As business loan brokers seek to step up their SME offering, it comes amid increased competition from the rise of a new breed of business loan matchmaker, known as a business loan marketplace. These free-to-use algorithmic based tools analyse the information input by prospective borrowers in a quest to find the best business loan for small businesses. Providing an almost identical role then as a business loan broker.

The algorithm's success is dependent on the data it is provided - the more information a prospective borrower can input the more likely they are to find a suitable lender with higher chances of approving a small business loan. By inputting some basic information, including the industry in which they operate, the turnover of the business and synchronising their bank accounts, a business loan marketplace can make an informed decision as to the most appropriate lender for a business and how much they should apply for.

Performing absolutely no small business lending themselves, business loan marketplaces consider themselves technology companies that can help SMEs get the funding they need quickly. So whilst business loan brokers seek to improve their knowledge of SME cash flow and non-bank lenders, machine-driven AI is already performing this very function.

Can an algorithm provide a better service than a business loan broker? Much would depend on the quality of the loan broker and the quality of the AI that’s been programmed but this isn’t necessarily the right question to ask anyway. Do they provide a service more closely aligned to the demands of an SME? Arguably, yes. 

With a business loan marketplace, an application can be completed totally online and takes just a matter of minutes. The services are usually completely free-to-use too. Time-sensitive SMEs will surely like the idea of real-time results and the ability to fine tune their search for small business loans at no added cost. Working with a business loan broker is almost certainly going to cost the borrower more.

Whether processed by a machine or a credit analyst, lending is also a largely data driven decision anyway. The data will ultimately determine whether credit should be extended and the risk factor involved, which will then directly correlate to the borrowing costs. The key is in understanding that SME data can be more limited and this isn’t necessarily a reason to reject an application.

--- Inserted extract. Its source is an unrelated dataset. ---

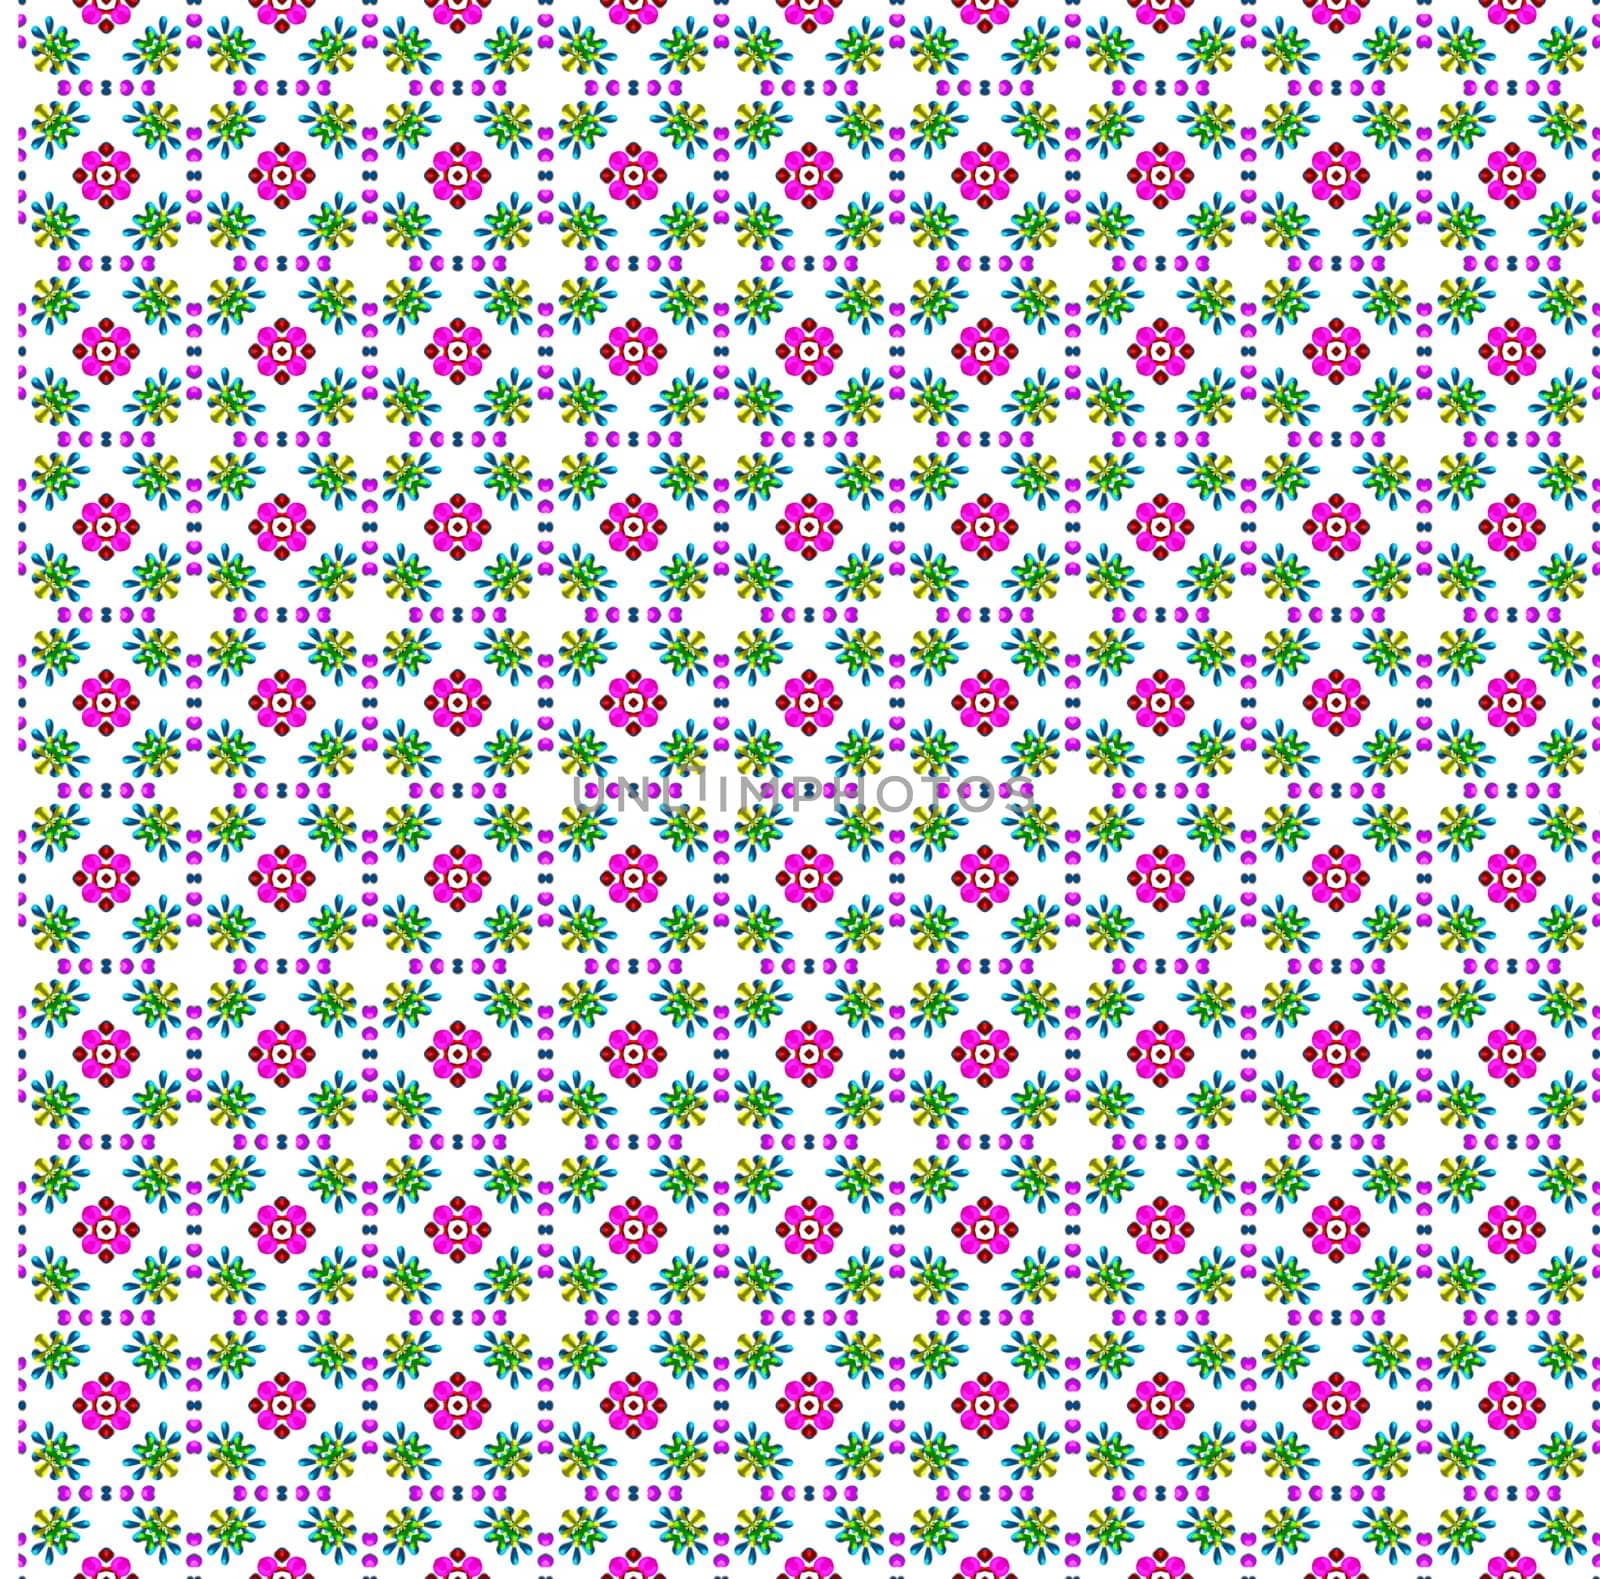 texture of repeating pink flower shapes on white

A business loan marketplace will analyse a borrower's bank transaction data (rather than the rigid credit guidelines around financial statements with banks) so it is also closely aligned to the lending process a non-bank lender is likely to conduct as well. And whilst business loan brokers try to expand their network of non-bank lenders, business loan marketplaces have used relationships with non-bank lenders as the foundation of their tech platforms. In fact, most business loan marketplaces work solely with alternative business loan providers. Whilst some, such as Valiant Finance, comprise of largely alternative lenders but with a handful of mainstream banks to boot. 

Lend.com.au, the best rated small business loan marketplace by smallbusinessloansaustralia.com is one of a number of business loan marketplaces to have launched in Australia in recent years. The results of their proprietary data analysis will show SMEs how much they can borrow, their chances of approval and the lenders they should apply to. All through a visual and easy to digest lending dashboard.

The long term prospects for business loan brokers within the SME sector will depend on how brokers react to the threat posed by business loan marketplaces and how much further the algorithms developed by lending marketplaces can be improved. Algorithmic based lending analysis already proves faster and more efficient than human manual labour. As these develop they are likely to improve in their effectiveness too - fine tuning their effectiveness to match prospective borrowers with the lender most suited to their requirements.